More Local Backup. Use file synchronization software in backup or one-way mode to copy images automagically from your workstation to another local file server or NAS box. Alternatively, use file synchronization software in backup or one-way mode to copy images from your local backup server to another local file server or NAS box.
Offsite backup. You’re going to be carrying your disks to your safe deposit box or to a friend’s house (if you have a like-minded photographer for a friend, you can keep her backup disks and she can keep yours). You want to be able to quickly remove disk drives from the device that writes them. If you don’t use a RAID, you can buy USB devices that accept bare drives. Hook one or more of them up to your workstation or file server and do backups to them with file synch software in one-way mode. Pull them out occasionally and take them off-site, bringing back the old off-site ones to be rewritten. I’m gun-shy enough to recommend that you have at least two off-site copies of every backup.

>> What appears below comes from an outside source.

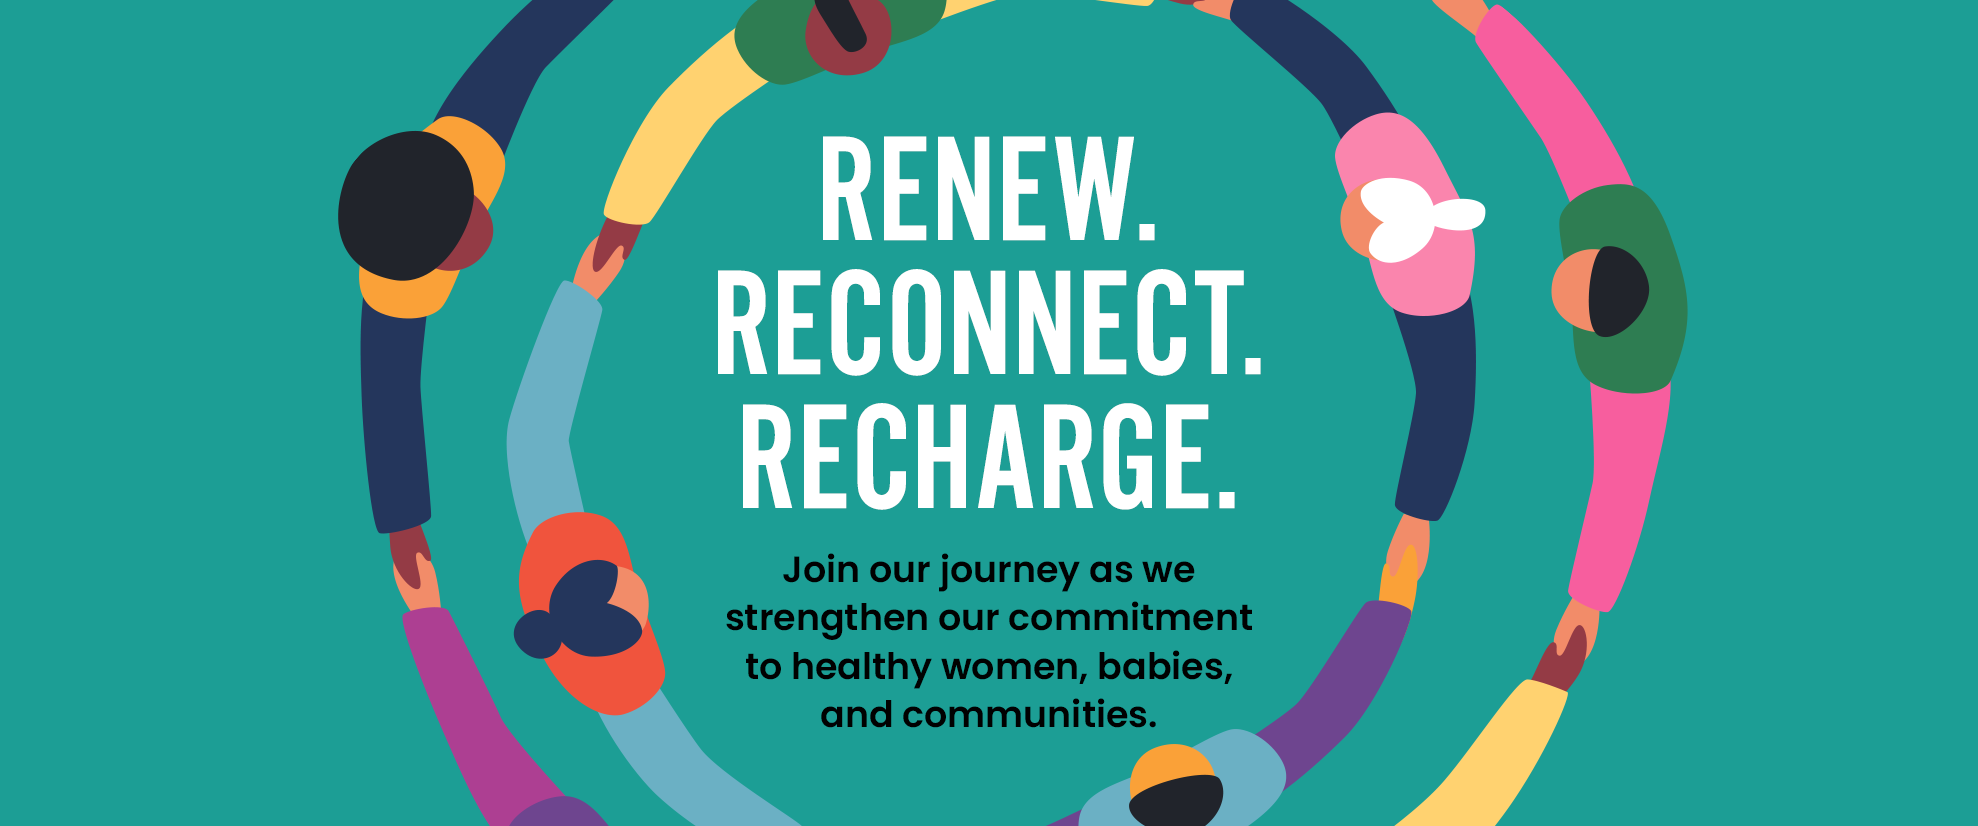 Renew. Reconnect. Recharge.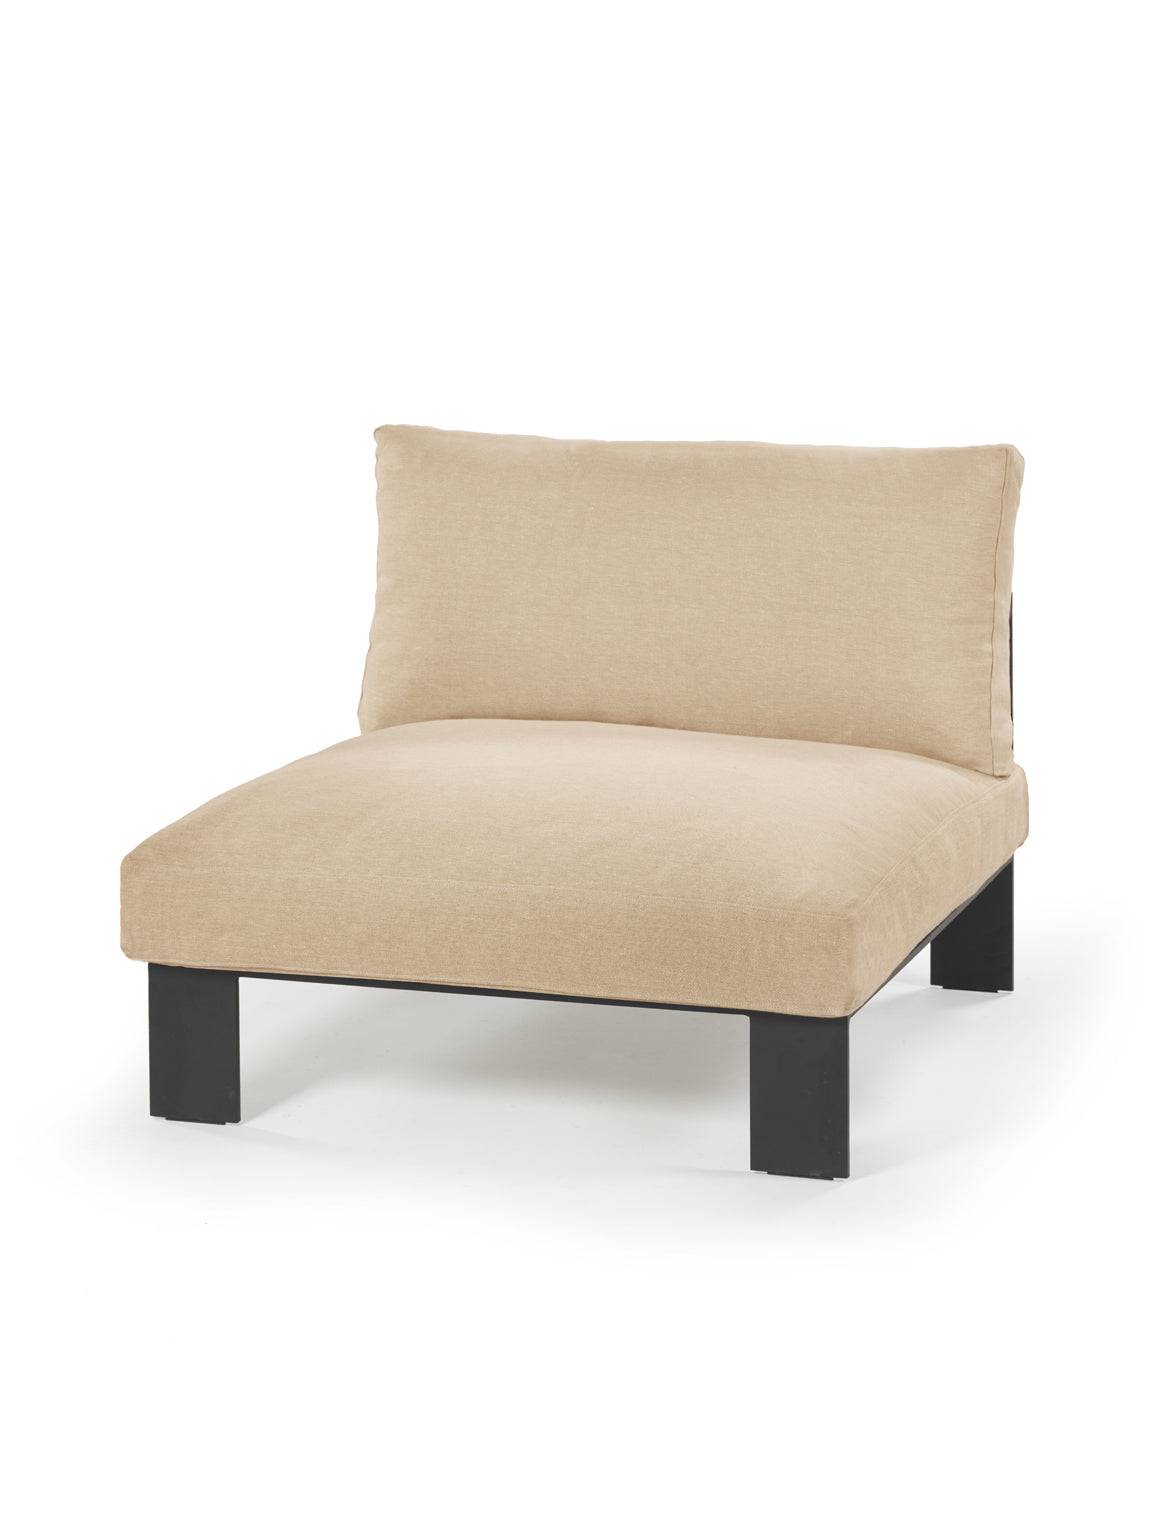 Mombaers Lounge Chair - Apricot - THAT COOL LIVING

You can buy RAID boxes that take bare drives; Drobo is one of the main vendors. I used to use Drobo boxes to writer the off-site backup disks, and then take the whole disk pack to the bank. The Drobo boxes work if you reinstall the disks in any order, but you need to put the drives in the same kind of Drobo box that wrote them in the first place (a regular Drobo can’t read Drobo FS disks, for example), and if your house burns down, it might be hard to find the right Drobo. That’s the reason I’ve gone back to plain disk drives, written in standard formats.
Thanks for this series—a recent hard drive failure has me re-thinking my backup strategies (fortunately no photos were lost…) What software do you use for your local backup/sync? Do you bother burning DVDs anymore?
All the best—
I’m sorry that I let this post briefly go public two days early, before parts 4 and 5 were posted. I hope part 4 answered your DVD question; let me know if you want more on why I don’t use DVD’s for backup. I will be doing a post on my choices for file synchronization software soon.